O: The client demonstrated a digital pronate grasp in 80% of opportunities and a violin grasp with all four fingers on the writing utensil in 20% of opportunities. Movement for coloring was generated from the client’s elbow and shoulder. Client uses his left hand with more frequency when the writing utensil is placed on his left side. The client fell out of his chair three times during the session and supported his neck with his hands while his elbows were propped on the table. He rested his head on the table in four occurrences. Physical (1) and verbal prompts (1 in 50% of trials) are needed for crossing the midline.
A: Hand dominance is still emerging and hand preference is often selected based on where the materials are (i.e. If the client has to cross the midline). The client demonstrates lack of proximal stability and postural control. This is contributing to difficulty isolating the smaller muscles of the hand for a functional grasp and therefore the ability to fully participate in coloring activities at school.
P: Provide midline crossing education and activity ideas to caregiver and teachers.
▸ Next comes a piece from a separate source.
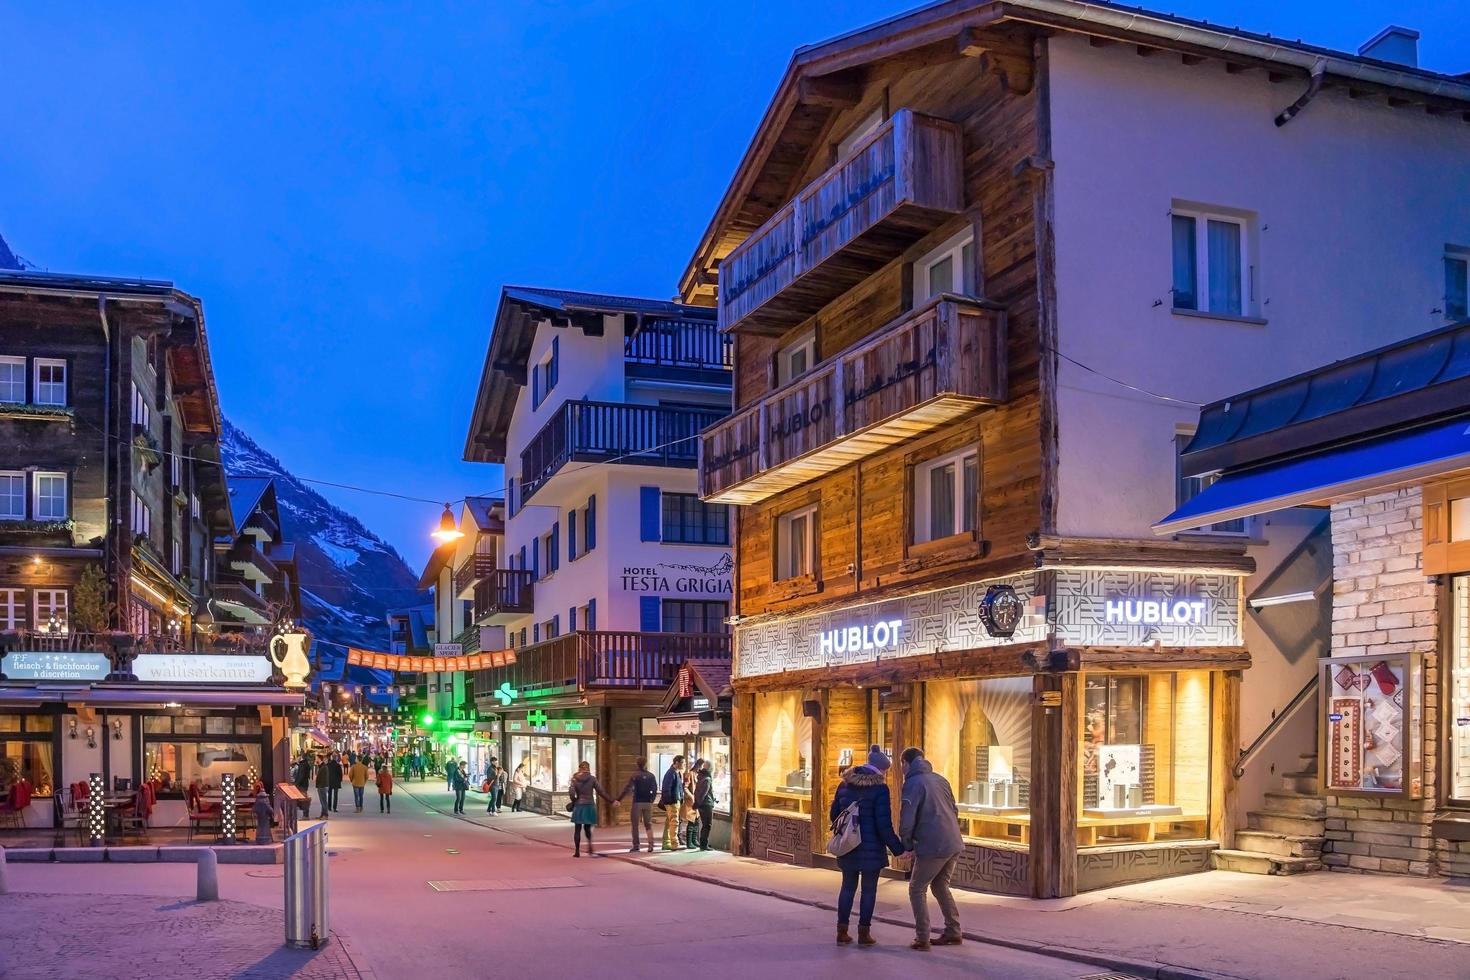 zermatt nel crepuscolo in svizzera foto
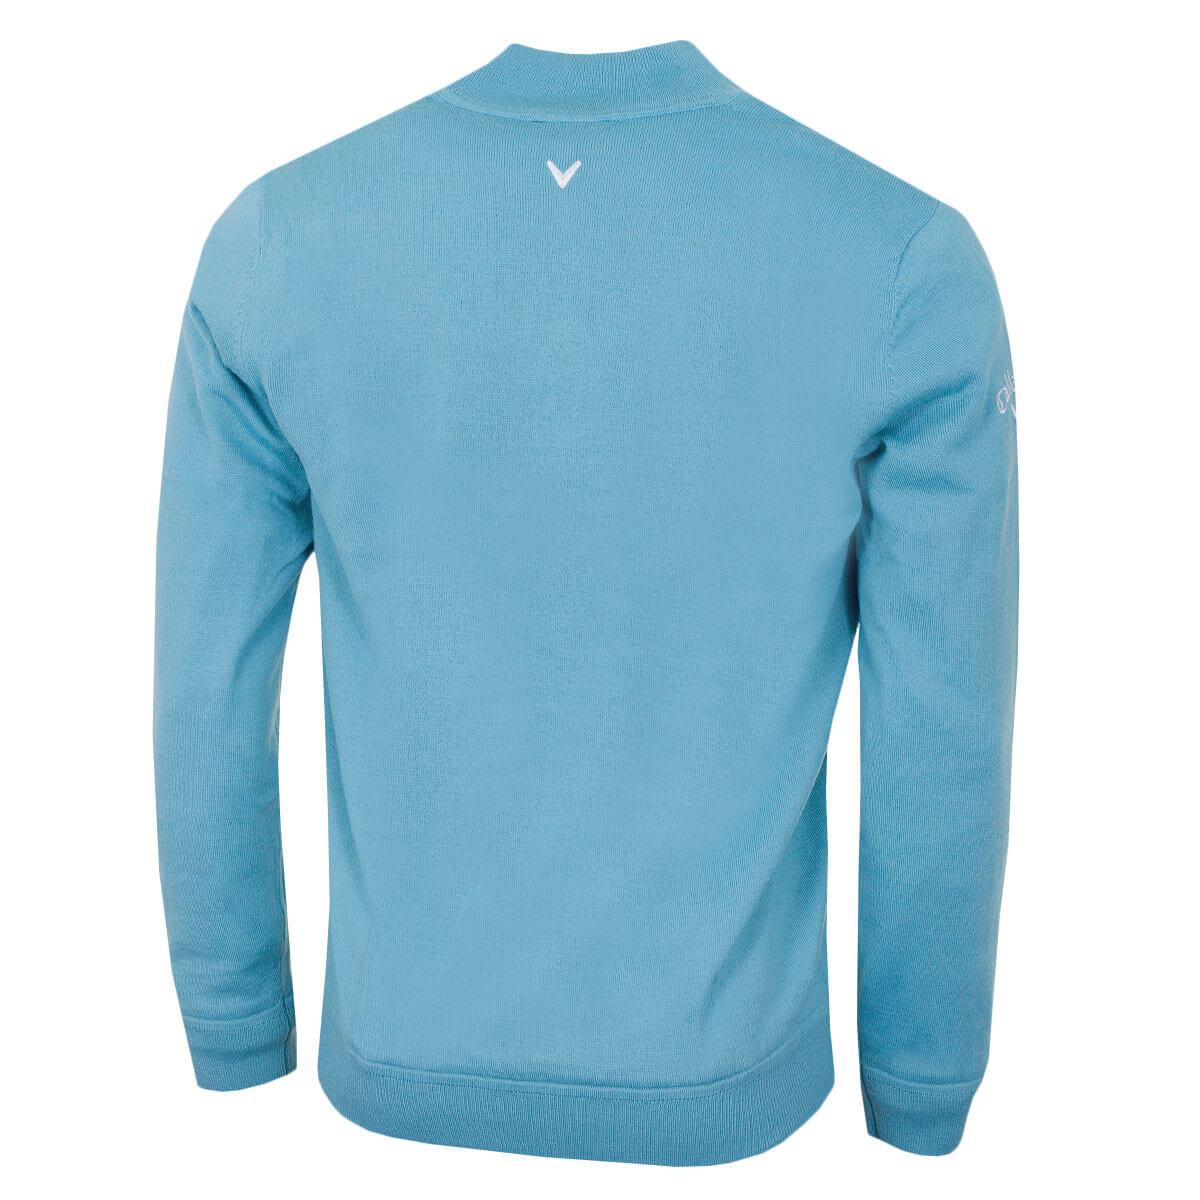 Callaway-Golf-Mens-1-4-Zip-Mock-Merino-Windproof-Sweater-Pullover-43-OFF-RRP thumbnail 6

Continue with OT 1x per week for 60 minutes to address midline crossing with fading physical and verbal cues as well as grasp. Monitor postural control and refer to PT if lack of stability persists. Provide the client with short utensils to promote emerging grasp.
Medicare Progress Notes: They’re for Everyone!
With a busy schedule, crafting progress notes may seem tedious at times, but they provide more than just the means for reimbursement. By following the above guidelines, you will present Medicare and other payers with the required information, but you will also provide subsequent providers with valuable information about the care you have provided. Rather than looking at the requirements as a necessary evil, use them to give the same quality of information as you provide in caring for your patients.